Political parties must now receive 2% of the vote - or 130,000 votes - in the previous presidential or gubernatorial election to qualify as a party and get on the ballot. A political party’s status will now be reviewed every other year starting in November.
The state’s new ballot qualification requirements are set to take effect under a federal judge’s Tuesday decision, meaning that minor parties could lose their spot on the ballot in future elections if they don’t get enough votes in November.
Minor political parties could also lose other benefits, including the ability to appear on voter registration forms and receive unlimited contributions from donors to cover administrative costs.
New York Working Families Party State Director Sochie Nnaemeka criticized New York’s new law, which her party has tried to block in an ongoing legal battle.
“The state has no business making it harder for progressive New Yorkers to vote their values,” Nnaemeka said in a statement to The Associated Press.
Previously, political parties had to requalify every four years by receiving over 50,000 votes in the gubernatorial election.

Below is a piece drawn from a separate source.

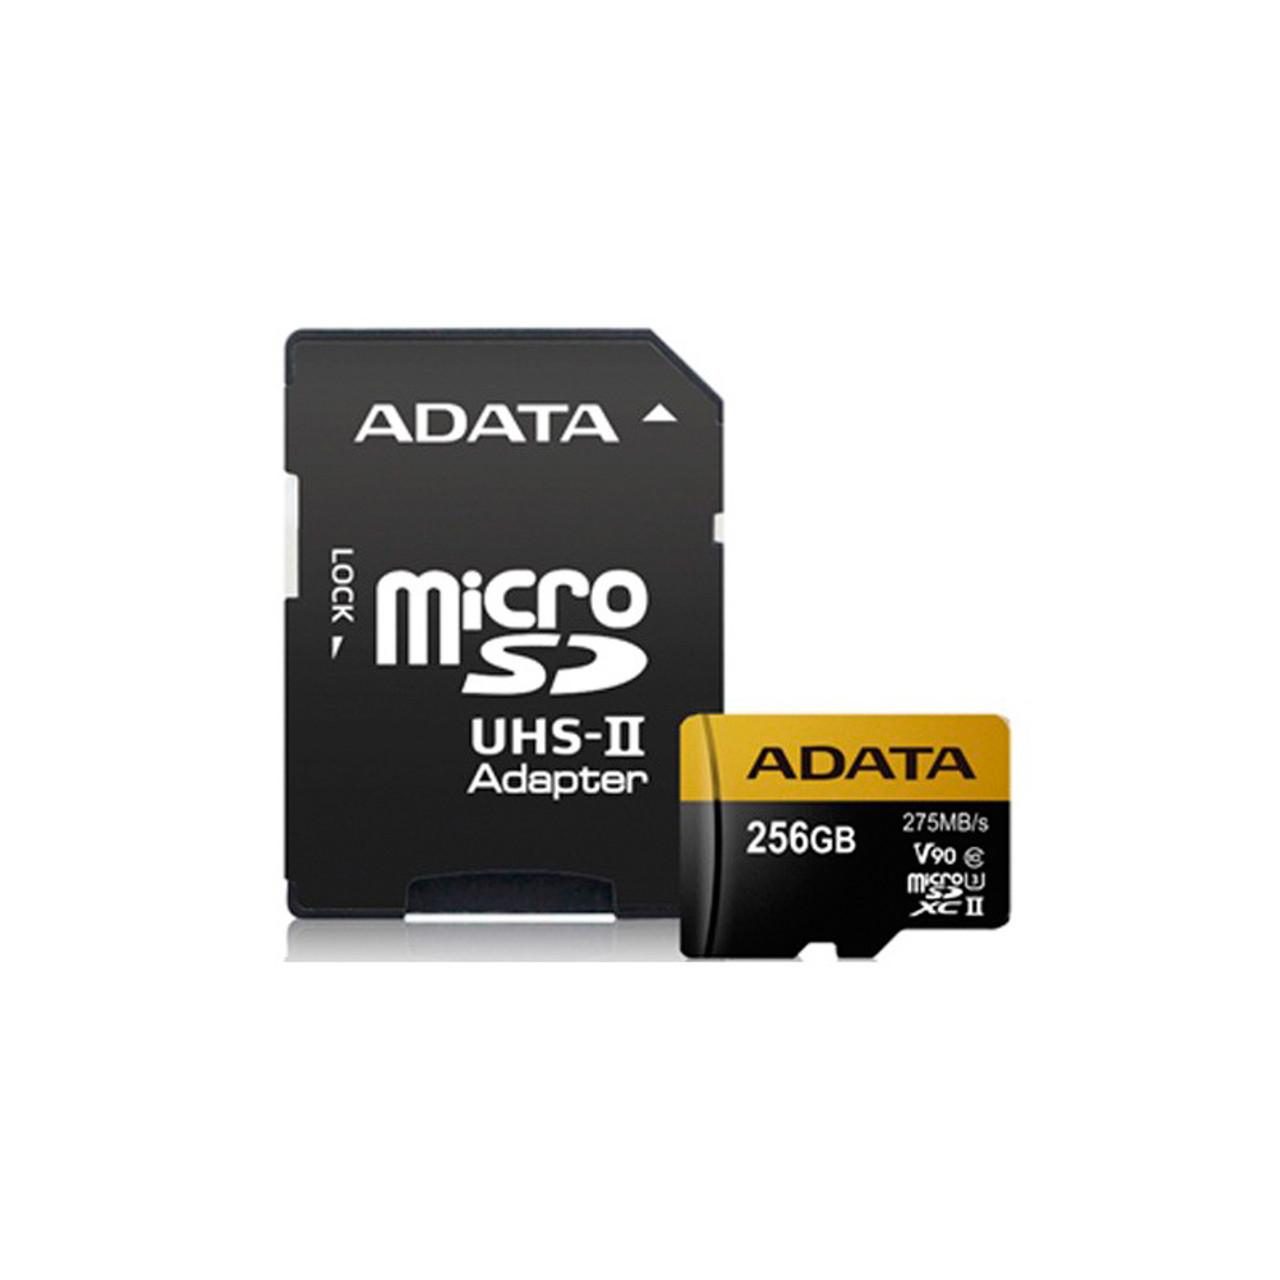 LTS MAUSDX256G ADATA Premier ONE 256GB SDXC UHS-II U3 Class10 V90 microSD  Card
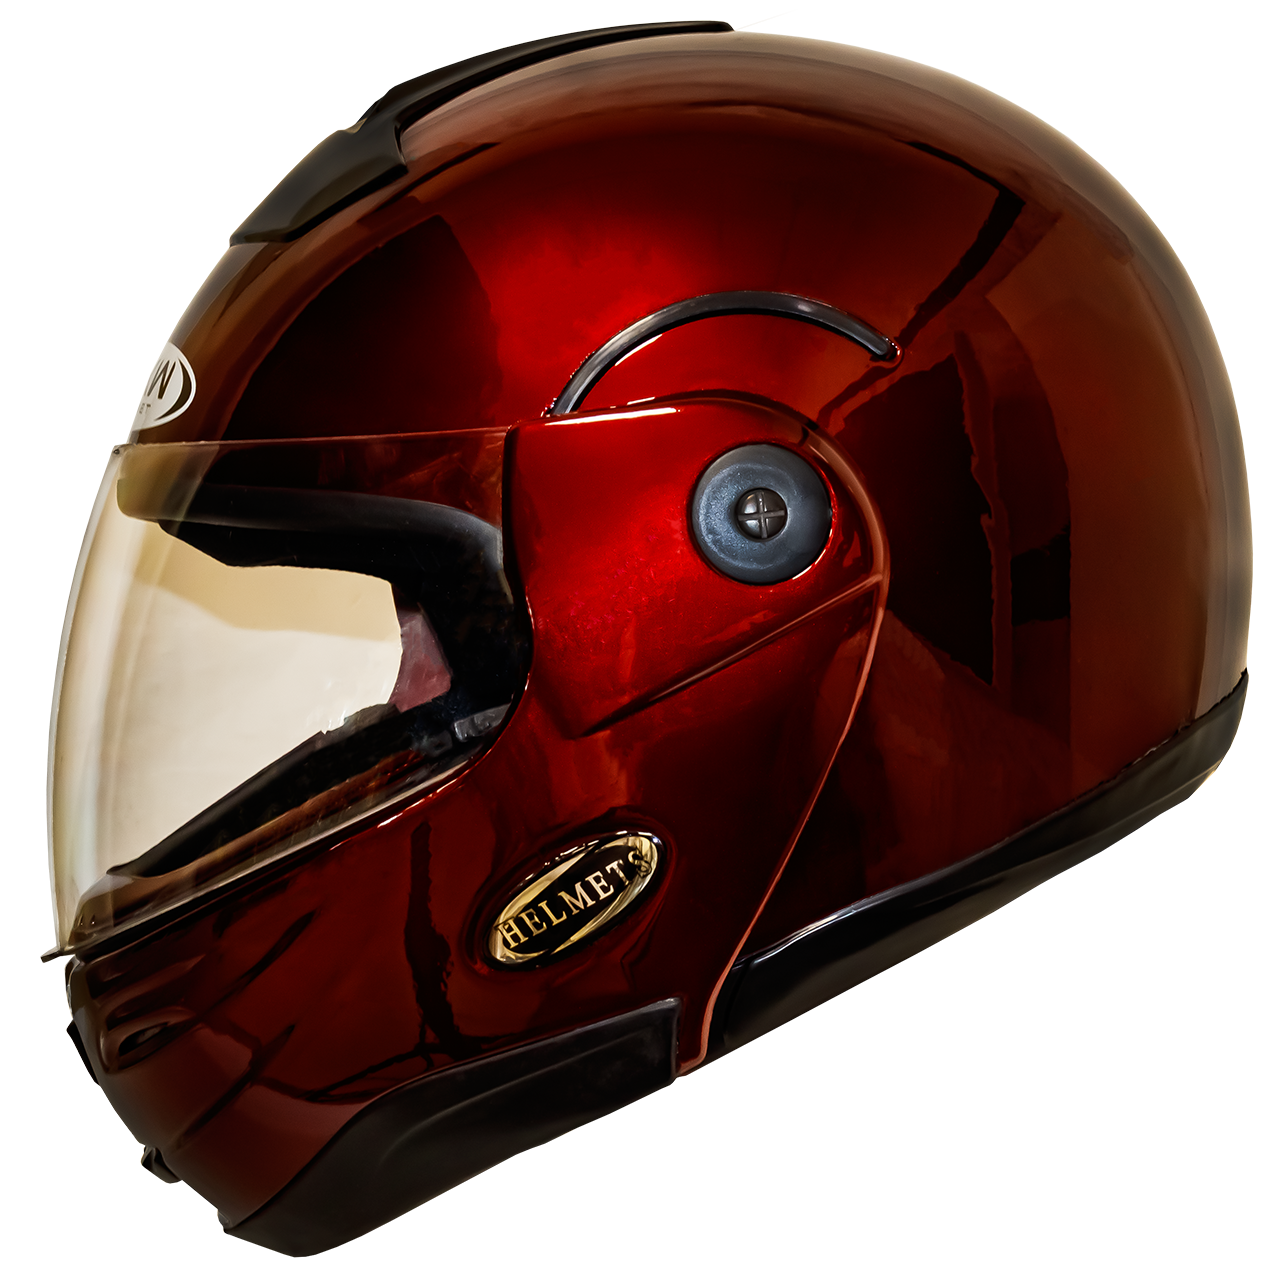 Мотошлем HF-108 solid red шлем трансформер, Flip-Up модуляр глянцевый красный

In New York, minor political parties can form coalitions with other parties and endorse major party candidates under a practice known as “fusion voting,” which is banned by most states.
The unique practice means that candidates can appear multiple times on a ballot under different party lines.
For example, the Working Families Party is hoping that New York voters will vote for Democratic presidential nominee Joe Biden and vice presidential nominee Kamala Harris on the minor party’s own line in November.
Leaders of minor parties have long argued their cross-nominations signal a candidate’s commitment to the party’s own ideological or policy agenda.
Nnaemeka’s party and other critics sued in a lawsuit claiming New York’s new law was a flagrant and unjustified attempt to quash minor parties and limit ballot access ahead of a new $100 million public campaign funding system set to launch in New York in 2024.
Critics of the new law have also charged that the state’s Democratic party is trying to silence progressives in particular. Democratic Party Chair Jay Jacobs has called some minor parties besides the Working Families Party “shams” and defended the ballot qualification rules as protecting taxpayer dollars while also impacting minor conservative parties.
And a state judge ruled in March that lawmakers improperly delegated authority to a politically appointed commission whose recommendations for the new ballot qualification threshold became state law.
But a federal judge said Tuesday the minor political parties who sued over New York’s new law failed to show the law would harm constitutional rights, and said the commission’s requirements are “not severe.”
The Working Families Party met the new 130,000-vote threshold in the 2004, 2008, 2012 and 2016 presidential elections and also received the 2% threshold in two of those elections, the judge noted.
The commission’s recommendations said the new ballot qualification rules would increase voter participation and ensure parties have “sufficient political support” from voters. The previous ballot qualification threshold dated back to 1935.
“Voters will now be less confused by complicated ballots with multiple lines for parties that may not have any unique ideological standard,” reads the commission’s report.